Alias /icons/ /usr/local/apache/icons/

If a server called www.apacheadmin.com had a directive such as this one, then a request for http://www.apacheadmin.com/icons/unknown.gif would result in Apache attempting to serve a file called unknown.gif out of the directory /usr/local/apache/icons rather than out of the main document root.

ScriptAlias

The ScriptAlias directive is a special case of the Alias directive. It indicates that, for the specified alias, files should be served out of the specified directory, and that it should be assumed that they are all CGI programs and, therefore, should be executed. (See Chapter 15, “CGI Programs,” for more details.)

The syntax of the ScriptAlias is as follows:

ScriptAlias /cgi-bin/ /usr/local/apache/cgi-bin/

The previous example is the equivalent of the following set of directives:

Alias /cgi-bin/ /usr/local/apache/cgi-bin/
<Directory /usr/local/apache/cgi-bin/>
Options +ExecCGI
AddHandler cgi-script *
</Directory>

You can refer to Chapter 4, “Configuration Directives” section Options +ExecCGI, and Chapter 14, “Handlers and Filters,” for more detail on these other directives.

Usually, the ScriptAlias directory will be where you will put all your CGI programs, although this is not required. Also, you might have more than one ScriptAlias directory.

AliasMatch and ScriptAliasMatch

In addition to the regular form of the Alias and ScriptAlias directives, there are also versions that use regular expressions to match a class of things, rather than just one particular string. For example, if you find that a large number of your users are misspelling a URL, you can compensate for that.

AliasMatch ^/[dD]rbacc?h?[ui]s(.*) /usr/local/apache/vhosts/drbacchus$1

This regular expression will match URLs that start with /drbacchus (with an upper or lowercase D) with one or two c's, perhaps missing the h, and with a, u, or an i before the s. This one directive fills the place of the 16 Alias directives that would be needed to check for these four possible variations.

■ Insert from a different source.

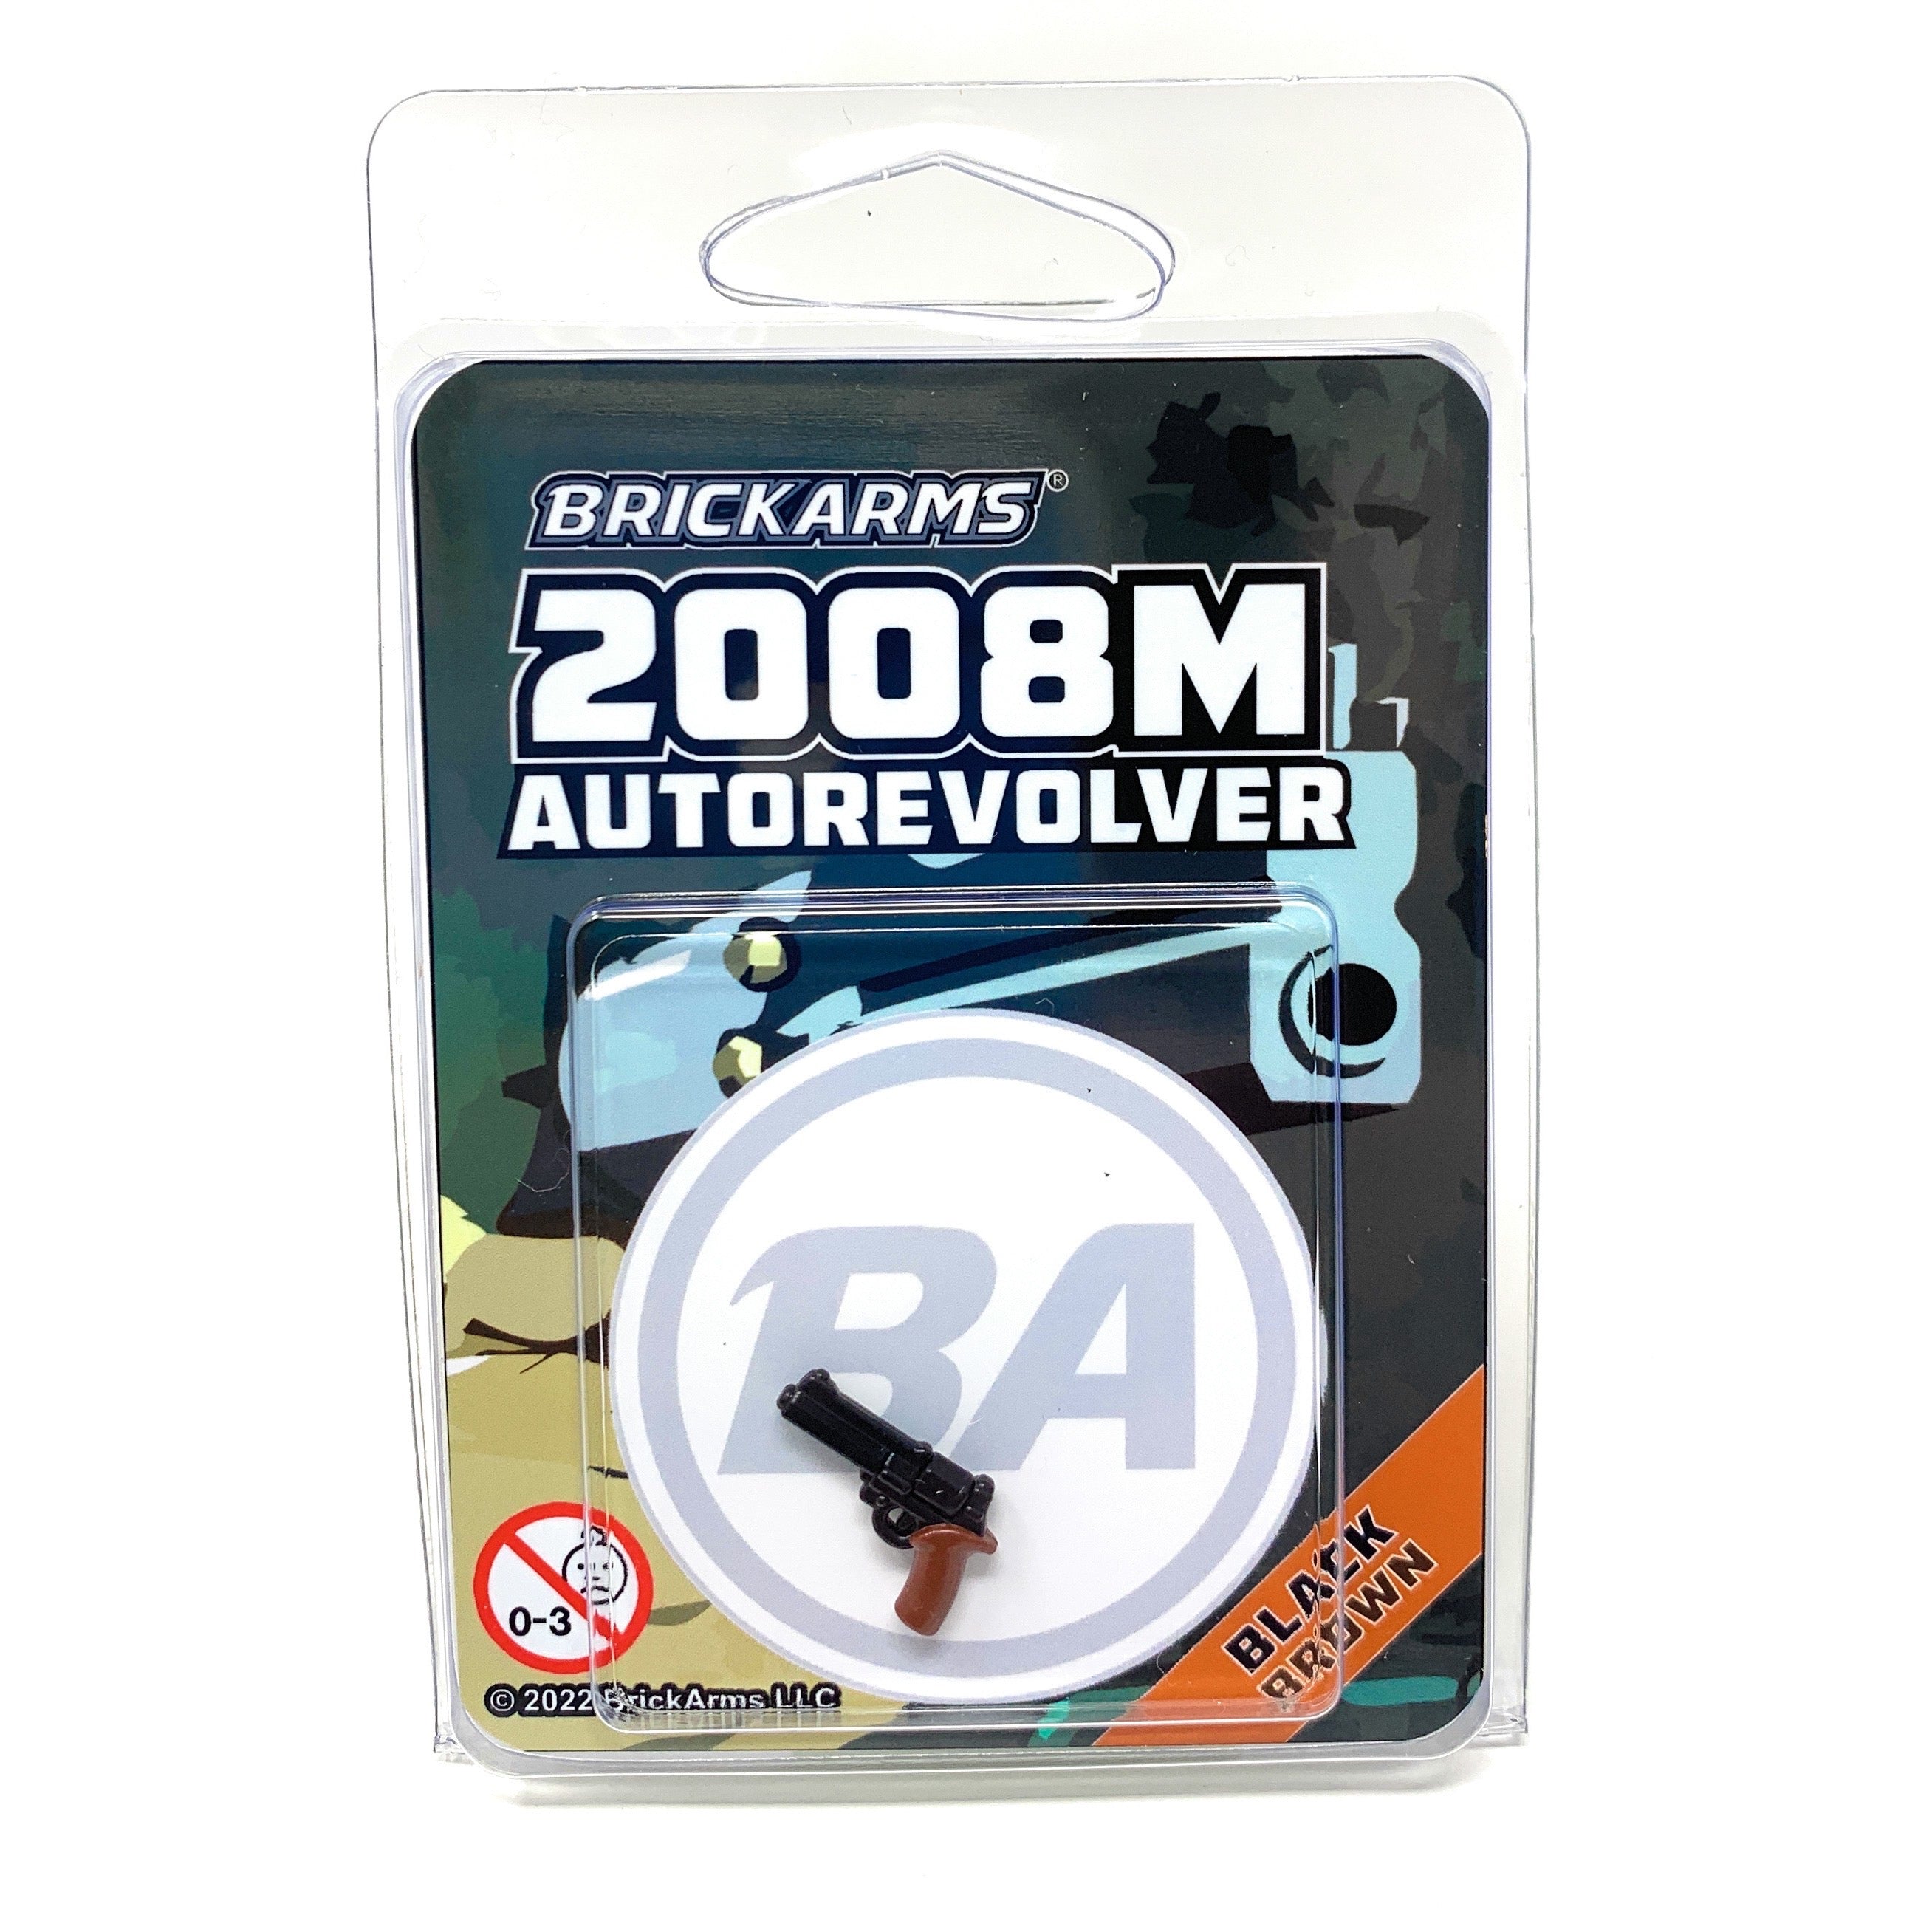 2008M Revolver Reloaded - BrickArms®
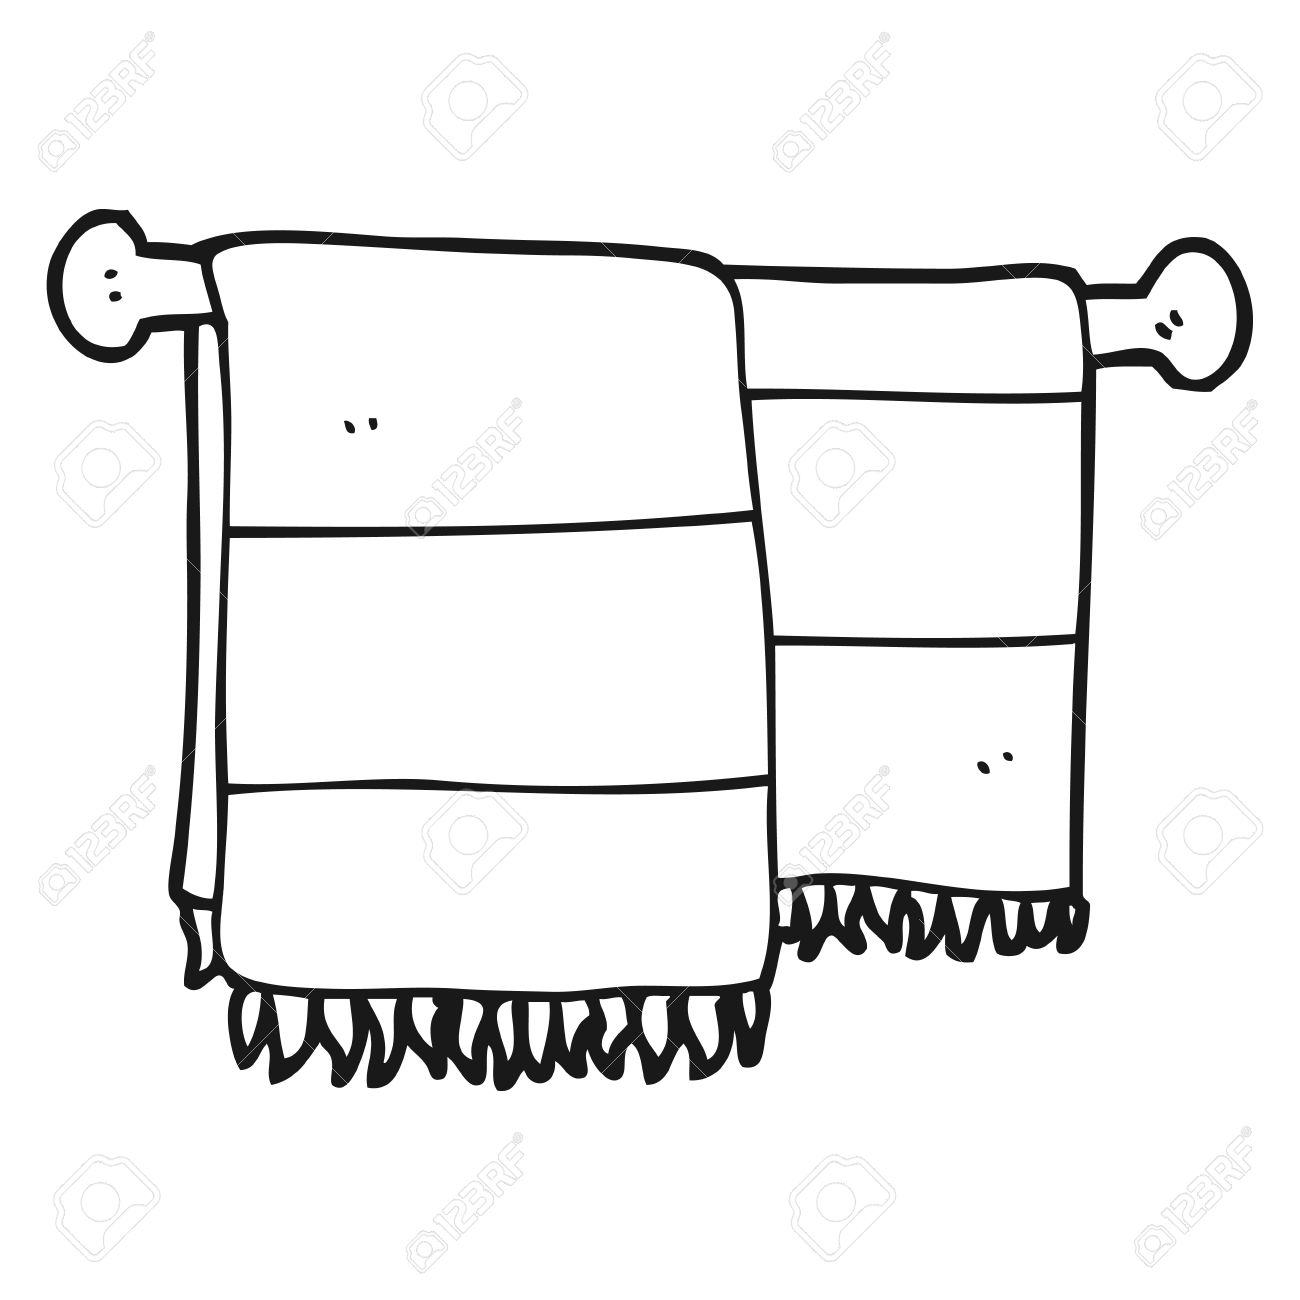 Towel clipart cute.

See Appendix C, “Regular Expressions,” for a more complete treatment of the regular expression syntax available in Apache directives.

Redirect

The various Redirect directives (Redirect, RedirectMatch, RedirectPermanent, and RedirectTemp) serve a rather different purpose than the Alias directives. The Alias directives define an accepted URL and tell Apache where to serve the content from for that URL. The Redirect directives say that a particular resource is no longer at a given location, or never was, and tell the client to go elsewhere to get it.

Redirect /apache http://www.apacheadmin.com/

This directive actually sends a Redirect back to the browser, telling it to go to the new location. Because the redirect is actually handled by the browser, and not by the server, the browser will (usually) have the new URL displayed in the Location box, and the user will be able to see that they have been taken to a different site. Likewise, if they attempt to bookmark the site that they have arrived at, they will get the new URL, rather than the one they typed.

Redirect directives are very useful, and important, if and when you redesign your Web site. Your old URLs should continue to work, so that you don't confuse your loyal users. So, you should provide redirects from all the old URLs to the new places where that information is kept.

The Redirect directive takes an optional additional argument, which can set the status of the redirect. The status argument can be one of permanent, temp (the default), seeother, or gone. These arguments cause mod_alias to send different HTTP status codes, as shown in Table 9.1.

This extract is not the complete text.